Sono
due i motivi che ci hanno spinto a leggere questo “pesante” libro di
circa 700 pagine. Il primo, perché da anni la casa editrice Zambon si
contraddistingue per una meritoria opera di lotta al revisionismo
storico attraverso una serie di pubblicazioni rilevanti e controcorrente
rispetto al pensiero mainstream. La seconda, perché oggi c’è davvero
necessità di “capire la Russia”, ossia liberarsi dalla vulgata liberale
che ha trovato in Putin il nuovo nemico assoluto dell’Occidente e nella
Russia il problema per la democrazia nel mondo. Potenzialmente, allora,
poteva trattarsi di un libro importante, uno strumento di lotta in più
nella battaglia anche culturale tra il capitalismo neoliberista e le sue
forme di resistenza. Così non è, anzi. Il libro altro non è che una
vetrina del pensiero geopolitico rosso-bruno di ogni latitudine. Uno
squallido tentativo di elevare tale raffazzonata visione del mondo,
fatta di spiritualismo, capitalismo pre-liberista, tradizionalismo
religioso-culturale e complottismo vittimista, a pensiero degno di
considerazione. Un testo talmente trasudante neofascismo da imporre una
riflessione per la stessa casa editrice, che da oggi in poi
difficilmente potrà essere considerata “credibile” nel panorama politico
italiano, almeno quello riferibile alla sinistra di classe.
Come ogni coerente analisi geopolitica (ma qui di “geopoliticismo”
c’è davvero poco, quanto una sua macchiettistica riproposizione in
sedicesimi), le argomentazioni utilizzate contengono parti di verità,
racchiuse però in una cornice politica irricevibile, sostanzialmente
espressione di quelle forme culturali sviluppate da ogni borghesia in
crisi, cioè innervate di reazione anti-moderna che vorrebbe riportare le
lancette della storia al tempo in cui la borghesia sconfitta manteneva
un ruolo sociale egemone. Ogni forma borghese sorpassata tende a
descrivere la propria epoca felice come società ideale e omogenea, una
società di “produttori” libera dagli attuali scontri sociali indotti.

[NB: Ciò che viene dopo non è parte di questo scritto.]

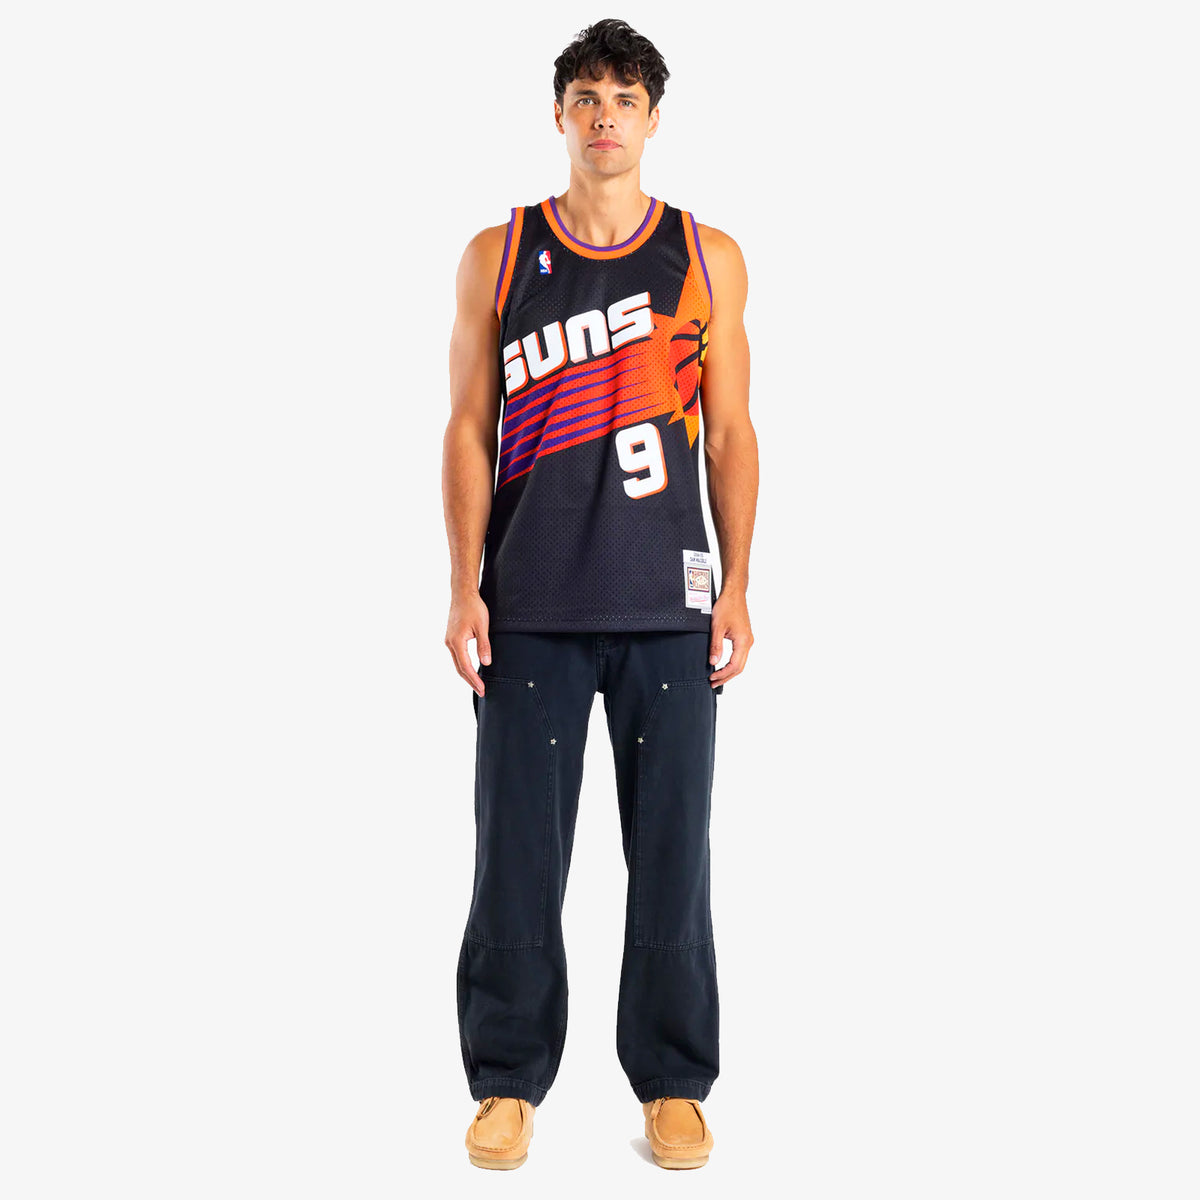 Dan Majerle Phoenix Suns 94-95 HWC Swingman Jersey - Black

Con lo sguardo rivolto all’indietro e sempre fuori tempo, una serie di
“intellettuali” espulsi controvoglia dalle correnti di pensiero egemoni,
fino al 1989 fieramente integrati nel sistema borghese-liberale
occidentale nonchè ferocemente anti-comunisti, si scoprono oggi
dissidenti di un modello di sviluppo, quello neoliberista, attraverso il
quale si sono arricchiti per decenni. Ma andiamo con ordine.

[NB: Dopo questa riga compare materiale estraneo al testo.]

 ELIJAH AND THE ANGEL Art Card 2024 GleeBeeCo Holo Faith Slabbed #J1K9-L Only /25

Il libro parte da un presupposto corretto: è in atto da qualche anno
un attacco, politicamente trasversale, alla Russia e al proprio ruolo
oggettivamente “confliggente” rispetto al tentativo di assoggettare
tutte le restanti regioni “riottose” del mondo al modello produttivo
neoliberista (e al suo corrispettivo politico: la democrazia
neoliberale). Non è questione che riguarda solamente la Russia. Un
insieme variegato di Stati costituiscono oggi un problema per tale forma
di capitalismo. Dall’Iran alla Siria, dalla Russia al Venezuela, da
Cuba alla Bolivia, determinate aree del mondo rappresentano una
complicazione, un intoppo alla generalizzazione di un modello economico
per sua natura tendente alla continua espansione. Non è una lotta tra il
capitalismo e le sue alternative, quanto uno scontro interno al
capitalismo stesso e alle sue diverse forme in cui questo si manifesta.
Non solo il capitalismo non è tutto uguale, ma neanche la borghesia
assume ovunque le stesse caratteristiche. Le lotte di liberazione
coloniale sono il miglior esempio di un conflitto anche tra
borghesie differenti, una legata alla “nazione” perché da questa
dipendente economicamente, un’altra pienamente “transnazionale”,
globale, espressione di una forma produttiva che non aveva più niente a
che fare con i confini e le frontiere, e soprattutto non aveva più nulla
a che vedere con dinamiche volte alla ricerca del consenso interno al contesto dello Stato-nazionale (dunque volte alla mediazione politica, al welfare state, all’inclusione
sociale, eccetera). Ovviamente nessuna borghesia ha interesse alla
mediazione se non costretta. Motivo per cui le borghesie “nazionali”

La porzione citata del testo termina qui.